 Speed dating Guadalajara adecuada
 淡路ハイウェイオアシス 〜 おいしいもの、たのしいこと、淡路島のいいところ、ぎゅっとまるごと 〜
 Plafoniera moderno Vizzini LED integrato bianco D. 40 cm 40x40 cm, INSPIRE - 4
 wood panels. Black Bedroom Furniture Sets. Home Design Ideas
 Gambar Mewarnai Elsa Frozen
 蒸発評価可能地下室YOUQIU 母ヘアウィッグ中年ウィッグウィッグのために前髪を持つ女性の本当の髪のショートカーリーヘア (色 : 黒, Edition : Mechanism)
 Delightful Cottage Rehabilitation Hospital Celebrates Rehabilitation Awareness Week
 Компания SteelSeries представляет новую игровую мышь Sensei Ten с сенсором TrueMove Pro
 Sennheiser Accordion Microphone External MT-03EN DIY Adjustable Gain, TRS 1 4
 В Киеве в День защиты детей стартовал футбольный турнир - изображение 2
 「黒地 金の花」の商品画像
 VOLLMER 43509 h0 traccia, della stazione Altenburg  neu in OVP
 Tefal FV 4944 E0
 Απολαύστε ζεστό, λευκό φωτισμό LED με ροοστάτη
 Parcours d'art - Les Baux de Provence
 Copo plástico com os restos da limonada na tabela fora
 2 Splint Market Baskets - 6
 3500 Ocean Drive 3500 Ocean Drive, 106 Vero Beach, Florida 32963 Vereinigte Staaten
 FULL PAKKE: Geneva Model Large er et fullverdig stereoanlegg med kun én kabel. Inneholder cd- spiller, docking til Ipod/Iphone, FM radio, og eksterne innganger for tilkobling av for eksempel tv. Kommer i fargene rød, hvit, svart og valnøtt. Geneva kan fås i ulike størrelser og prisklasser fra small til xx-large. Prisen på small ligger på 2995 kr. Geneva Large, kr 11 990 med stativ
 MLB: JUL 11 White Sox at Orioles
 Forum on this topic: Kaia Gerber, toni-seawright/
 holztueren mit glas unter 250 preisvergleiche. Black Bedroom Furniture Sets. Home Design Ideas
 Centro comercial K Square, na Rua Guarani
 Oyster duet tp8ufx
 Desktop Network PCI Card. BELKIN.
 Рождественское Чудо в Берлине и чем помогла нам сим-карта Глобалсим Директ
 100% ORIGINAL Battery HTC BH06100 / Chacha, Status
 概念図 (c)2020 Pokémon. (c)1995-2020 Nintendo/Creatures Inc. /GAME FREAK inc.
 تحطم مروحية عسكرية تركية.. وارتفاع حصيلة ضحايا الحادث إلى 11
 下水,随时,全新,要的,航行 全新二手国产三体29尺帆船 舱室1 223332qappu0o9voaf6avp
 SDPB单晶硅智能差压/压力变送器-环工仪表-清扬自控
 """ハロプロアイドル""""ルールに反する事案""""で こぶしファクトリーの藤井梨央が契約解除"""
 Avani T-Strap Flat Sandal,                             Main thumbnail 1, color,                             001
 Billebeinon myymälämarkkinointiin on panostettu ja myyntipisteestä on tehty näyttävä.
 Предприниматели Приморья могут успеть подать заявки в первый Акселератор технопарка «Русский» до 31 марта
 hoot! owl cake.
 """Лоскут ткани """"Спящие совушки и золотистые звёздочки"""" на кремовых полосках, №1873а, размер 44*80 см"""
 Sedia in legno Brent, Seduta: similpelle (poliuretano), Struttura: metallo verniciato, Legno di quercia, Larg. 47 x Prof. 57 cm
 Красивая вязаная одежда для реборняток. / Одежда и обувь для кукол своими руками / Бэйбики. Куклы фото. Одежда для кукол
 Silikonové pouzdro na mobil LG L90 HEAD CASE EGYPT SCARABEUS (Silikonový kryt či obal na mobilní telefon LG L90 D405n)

================================

Keep both end lines and retype everything in the records above from the line containing "Parcours d'art - Les Baux de Provence" through the line containing "3500 Ocean Drive 3500", exactly, with nothing else.

 Parcours d'art - Les Baux de Provence
 Copo plástico com os restos da limonada na tabela fora
 2 Splint Market Baskets - 6
 3500 Ocean Drive 3500 Ocean Drive, 106 Vero Beach, Florida 32963 Vereinigte Staaten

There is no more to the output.